Para chegarem a segunda aldeia era necessário descer a serra e subir novamente, missão quase impossível por causa da fraqueza com que se encontravam. Ao chegarem no pé da ladeira, deitaram em umas pedras sem mais condições de andarem sequer até o local onde passariam a noite. Então, avistam 2 índios que se aproximavam trazendo um pouco de farinha de milho, esse alimento mais pareceu trazido do céu por anjos, assim, puderam chegar aos “tujupares” que eram as choupanas onde pernoitariam e os outros já estavam. Lá também se encontravam outros com o irmão mais novo de Diabo Grande, que traziam farinha, peixe, milho e abóboras além da orientação de levá-los em redes, não só na subida da serra, mas todas as 5 léguas até a aldeia, o que fizeram prontamente. Faltando apenas uma légua, foi ao encontro deles a esposa do chefe levando mais presentes.
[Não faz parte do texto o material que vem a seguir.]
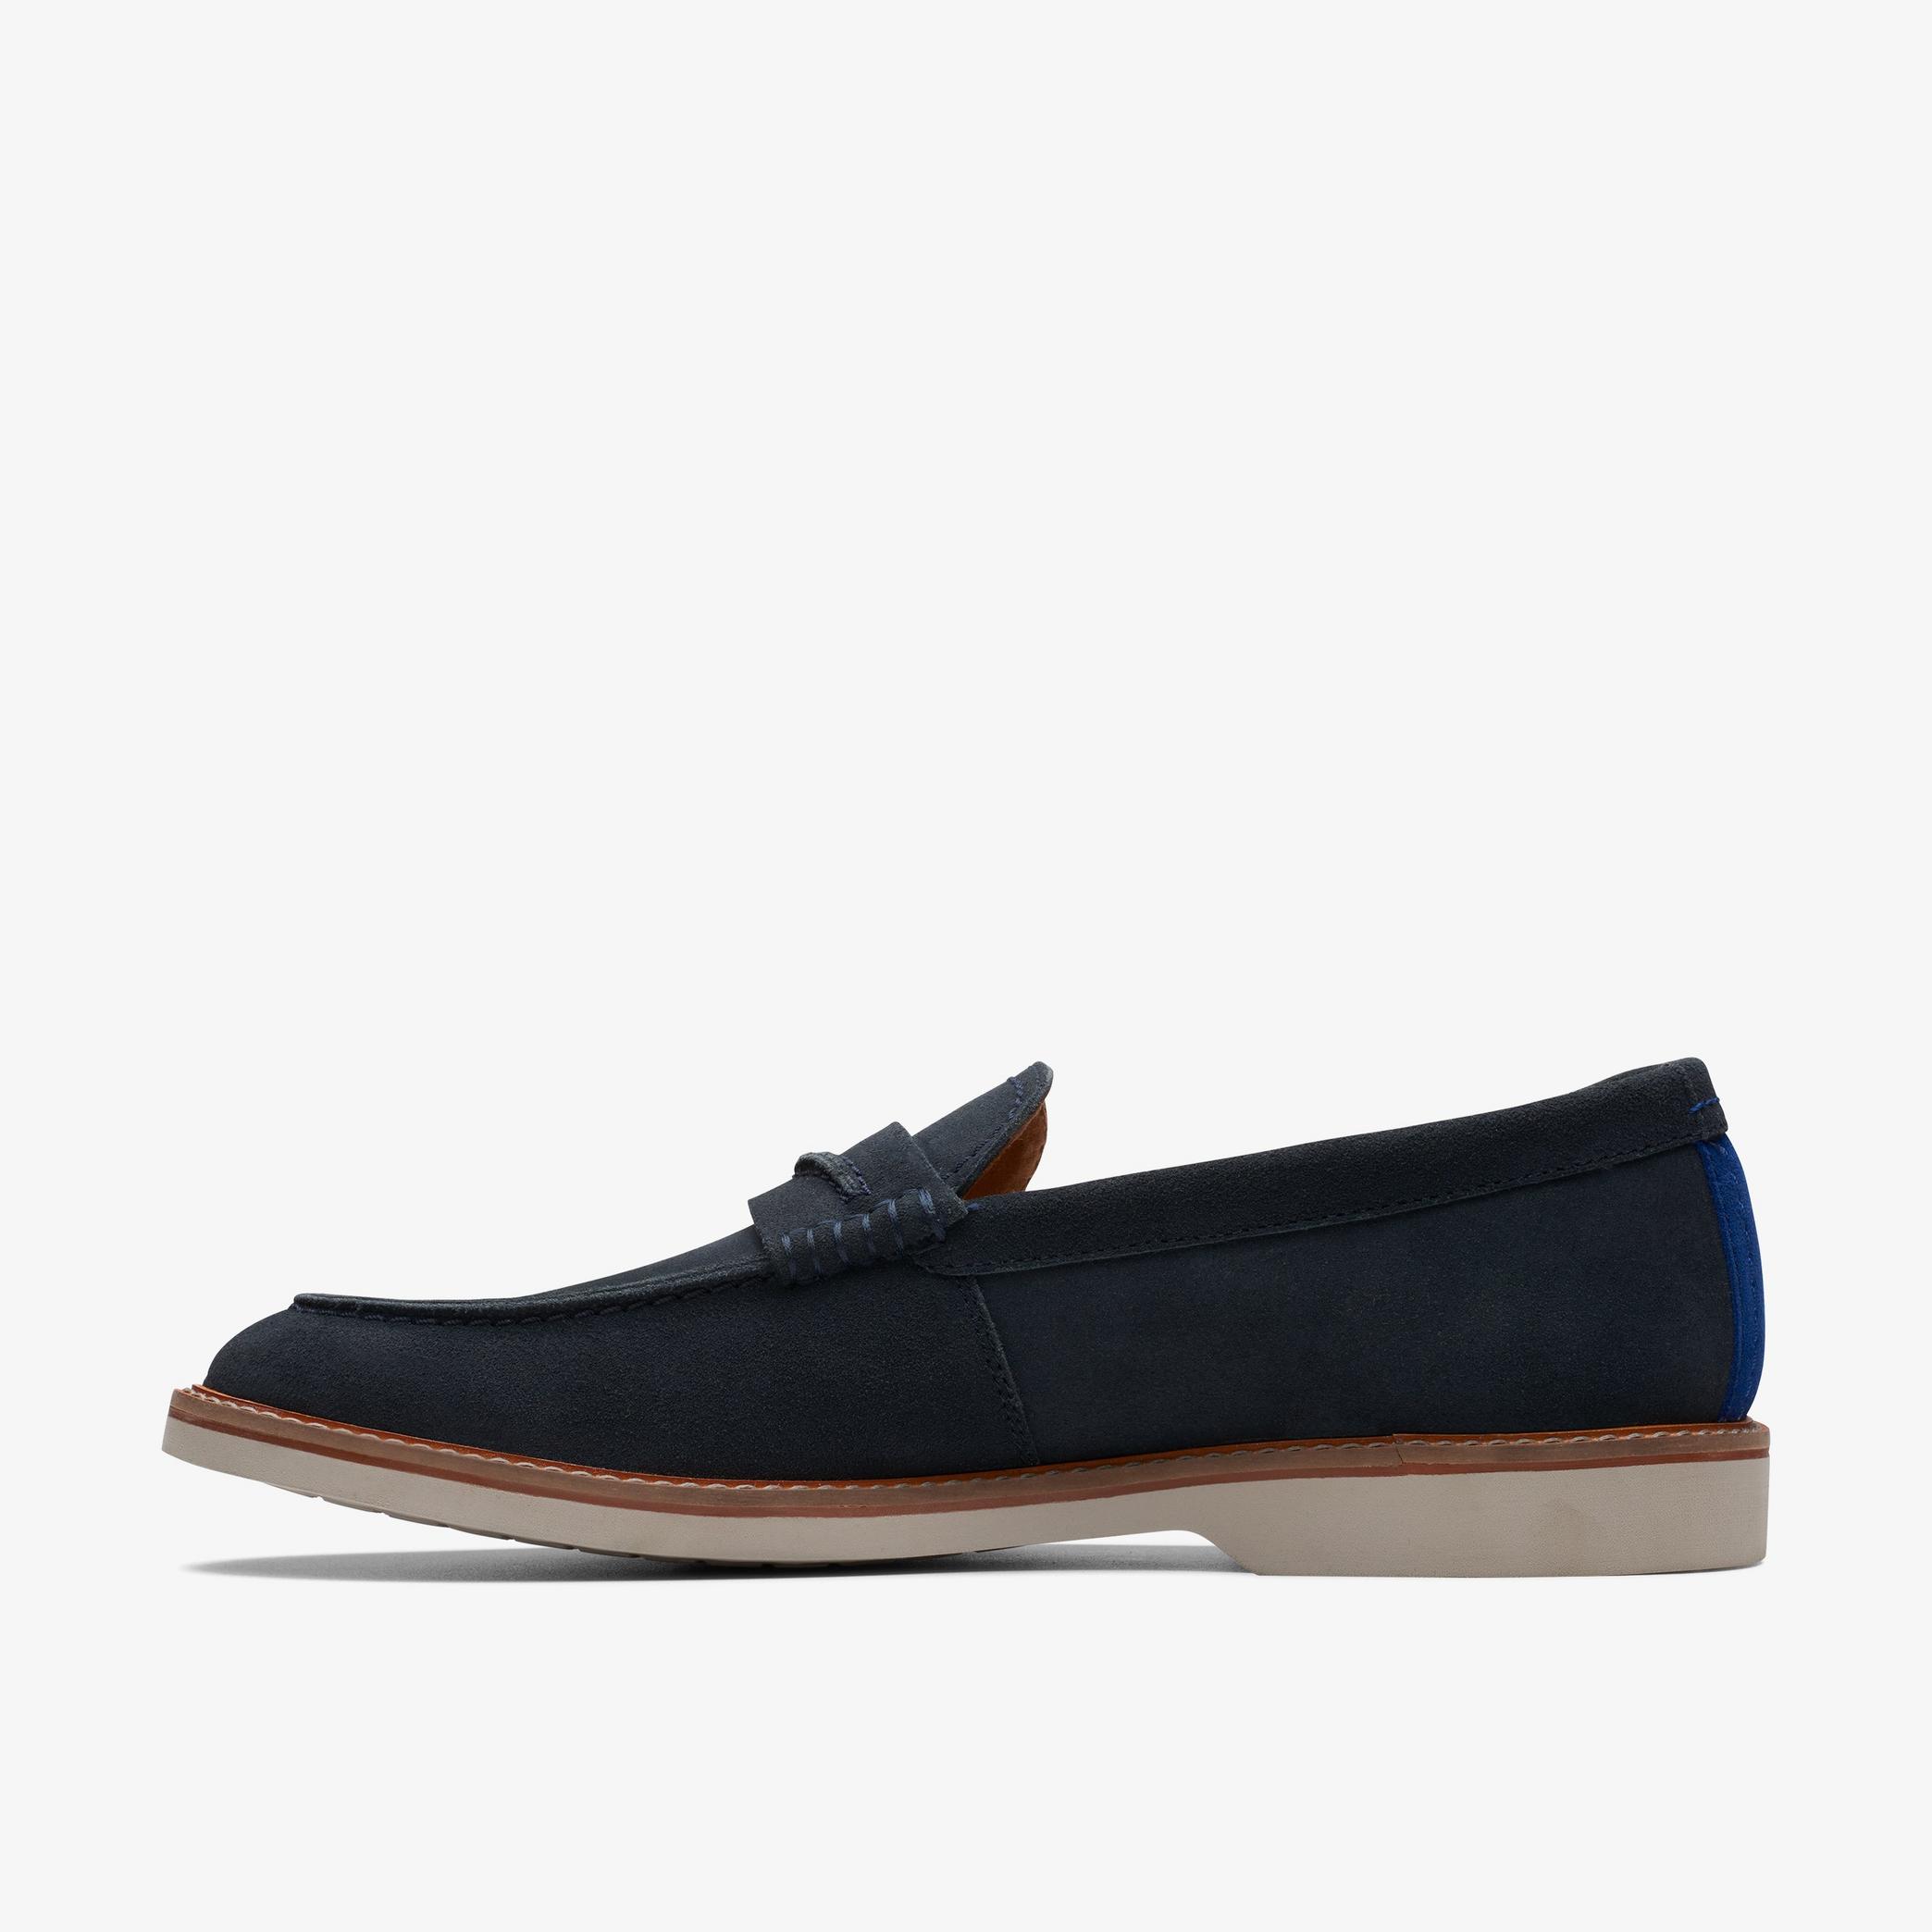 Atticus Slip Navy Suede Loafers, view 2 of 6

No dia seguinte, a meia légua do destino, veio encontrar-lhes o próprio Diabo Grande, outros chefes e algumas mulheres com mais presentes e instrumentos musicais fazendo tamanha festa que os surpreendeu. Chegando na aldeia os levaram até a casa que lhes tinham preparado, trouxeram mais presentes e a comemoração durou 2 dias. A comida ali também era pouco por causa da seca do ano anterior (1605/1606).